Group Members
Hannah, Mustafa, Angela
Intro
We will be implementing the paper “Pix2Vox: Context-aware 3D Reconstruction from Single and Multi-view images” by Xie et al. This model recovers 3D representations of objects from single and multi-view images and aims to make improvements upon existing models that use RNN-based approaches. Pix2Vox alternatively uses an encoder-decoder to compute a set of features and recover the 3D shape of the object, a fusion model that aims to select high-quality reconstructions for each part of the object to later fuse together into the final result, and a refiner which aims to correct parts of the 3D volume that were recovered incorrectly. Altogether, this is a structured prediction problem.
Related Work
Summary
Similar to the Pix2Vox paper, the 3D R2N2 approach consists of the network performing single- and multi-view 3D reconstruction and employs an encoder-decoder method within its network. The 3 main components of the 3D R2N2 architecture are the encoder (a 2D CNN), the recurrence component (a 3D convolutional LSTM), and the decoder (a 3D deconvolutional neural network). The encoder first encodes each input image into a low-dimensional feature vector. The feature vector is then passed into the 3D convolutional LSTM. The main goal of this component is to allow the network to retain what it has seen and to update the memory when it sees and new image. The network has this ability due to its structure — it consists of 3D-LSTM units that are distributed in a grid structure. Each unit is responsible for a particular part of the final output, so when a new image contains information about a particular part different than the predicted reconstruction, the network will update the unit corresponding to that particular area. Finally, the 3D-LSTM passes the hidden state to the decoder which generates the probabilistic 3D voxel reconstruction of the object.
Public Implementations
Pix2Vox++ (extension of Pix2Vox Paper) Code
Data
ShapeNet: This is a large-scale repository for 3D CAD models. This dataset contains over 300M models with over 220,000 objects classified into 3,135 classes arranged using WordNet.

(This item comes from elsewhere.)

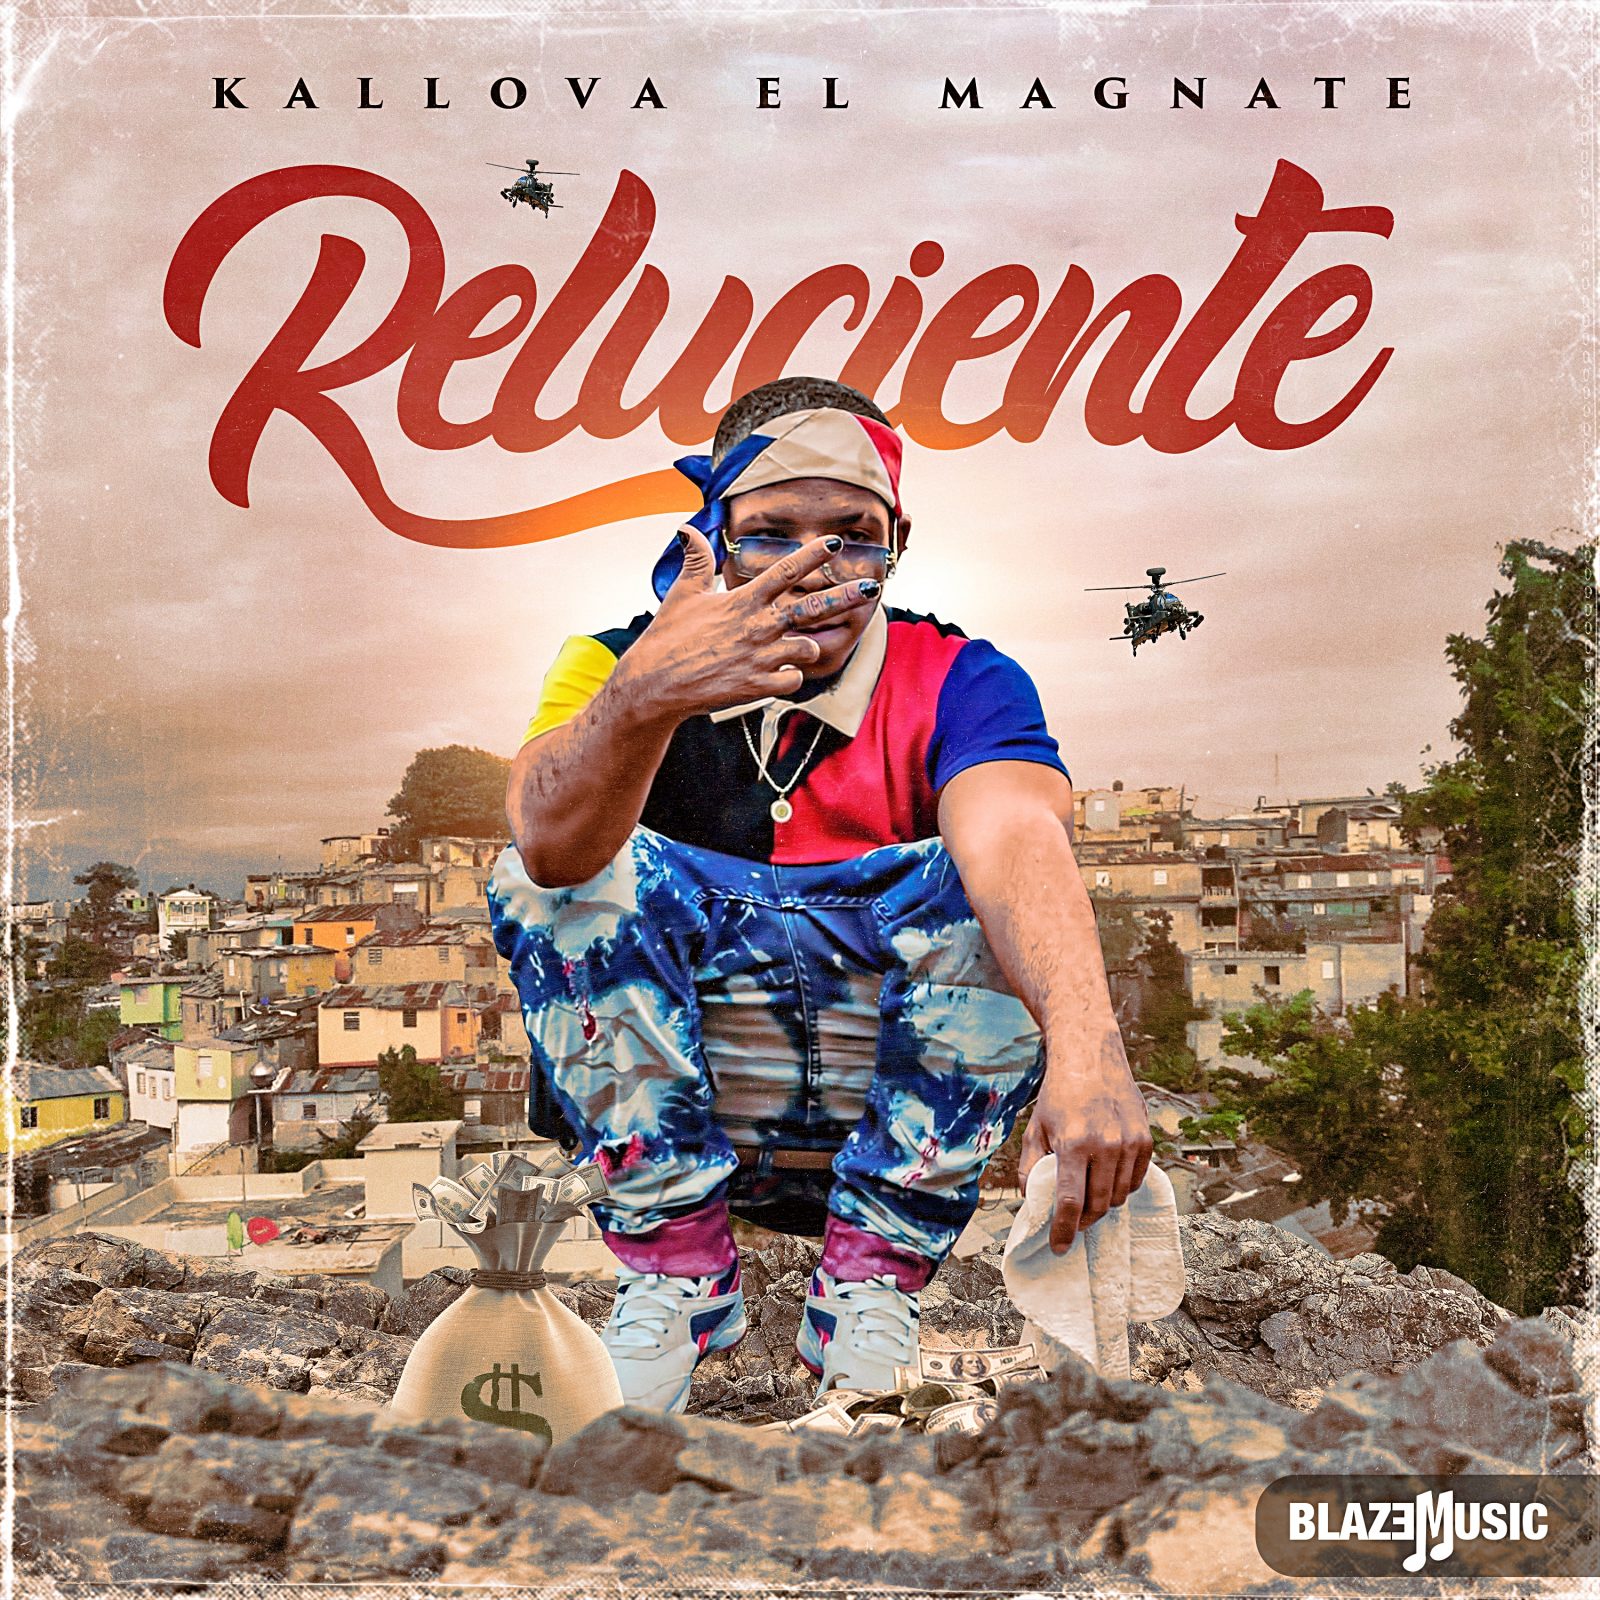 Kallova El Magnate - Reluciente (EP)
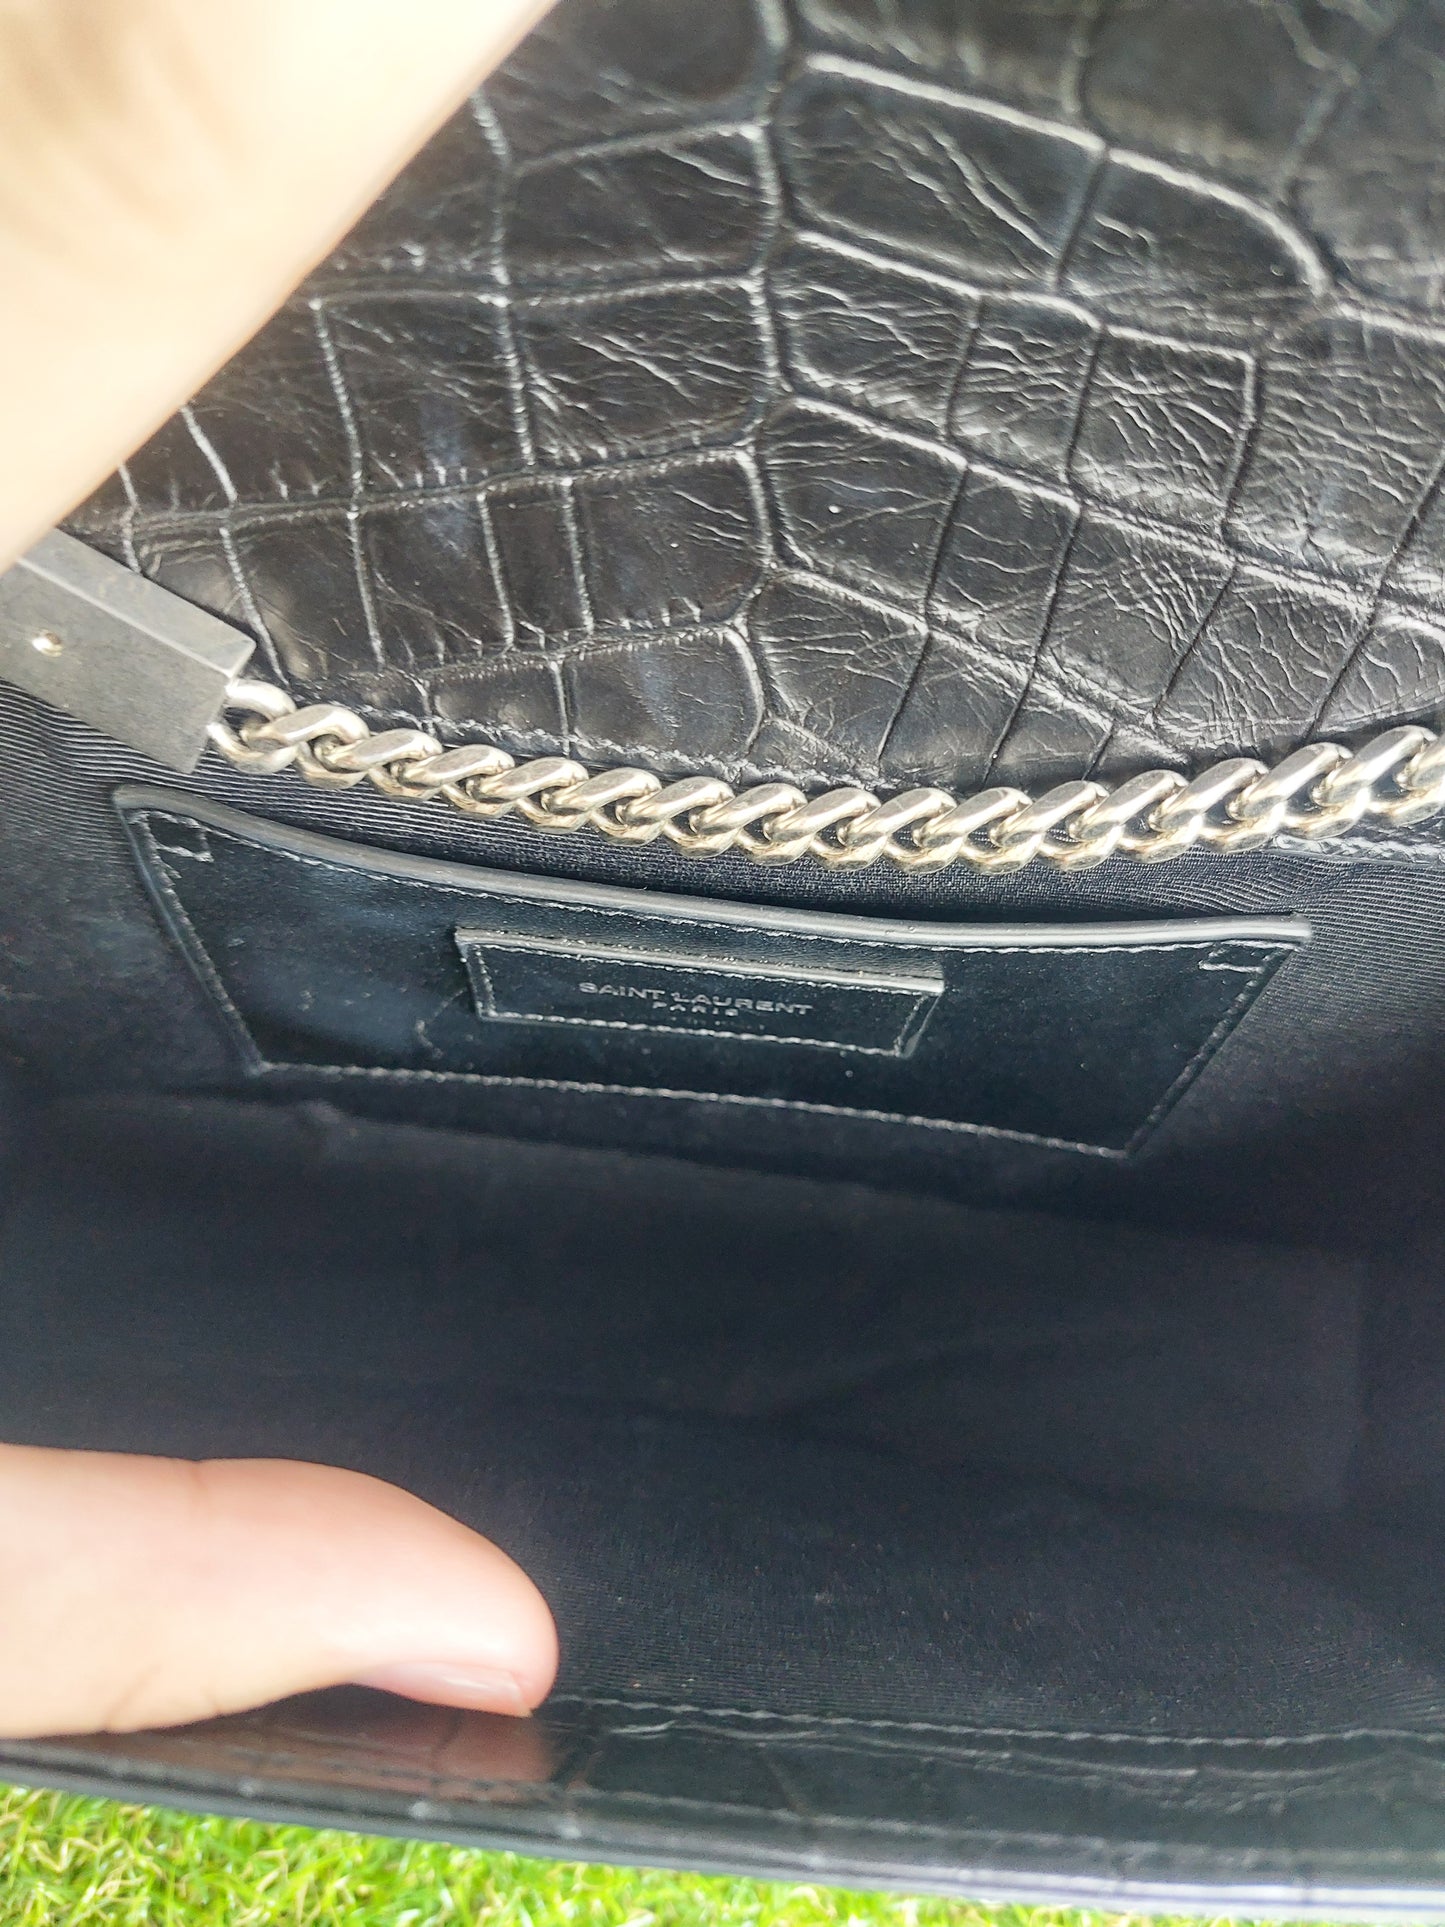 YSL Kate Medium Chain Bag with tassle in crocodile embossed

Pix3D: This dataset is a large-scale benchmark of diverse image-shape pairs with pixel-level 2D-3D alignment.
ScanObjectNN: This dataset has not been used in the paper and we will be trying our implementation on it. This is a newly published dataset that holds 2,902 3D objects in 15 categories. The categories are ‘bag’, ‘’box’, ‘desk’, ‘pillow’, ‘sofa’, ‘bed’, ‘table’, ‘cabinets’, ‘display’, ‘shelves’, ‘bin’, ‘chair’, ‘door’, ‘sink’, and ‘toilet.’ This is a large dataset, so it will require significant preprocessing.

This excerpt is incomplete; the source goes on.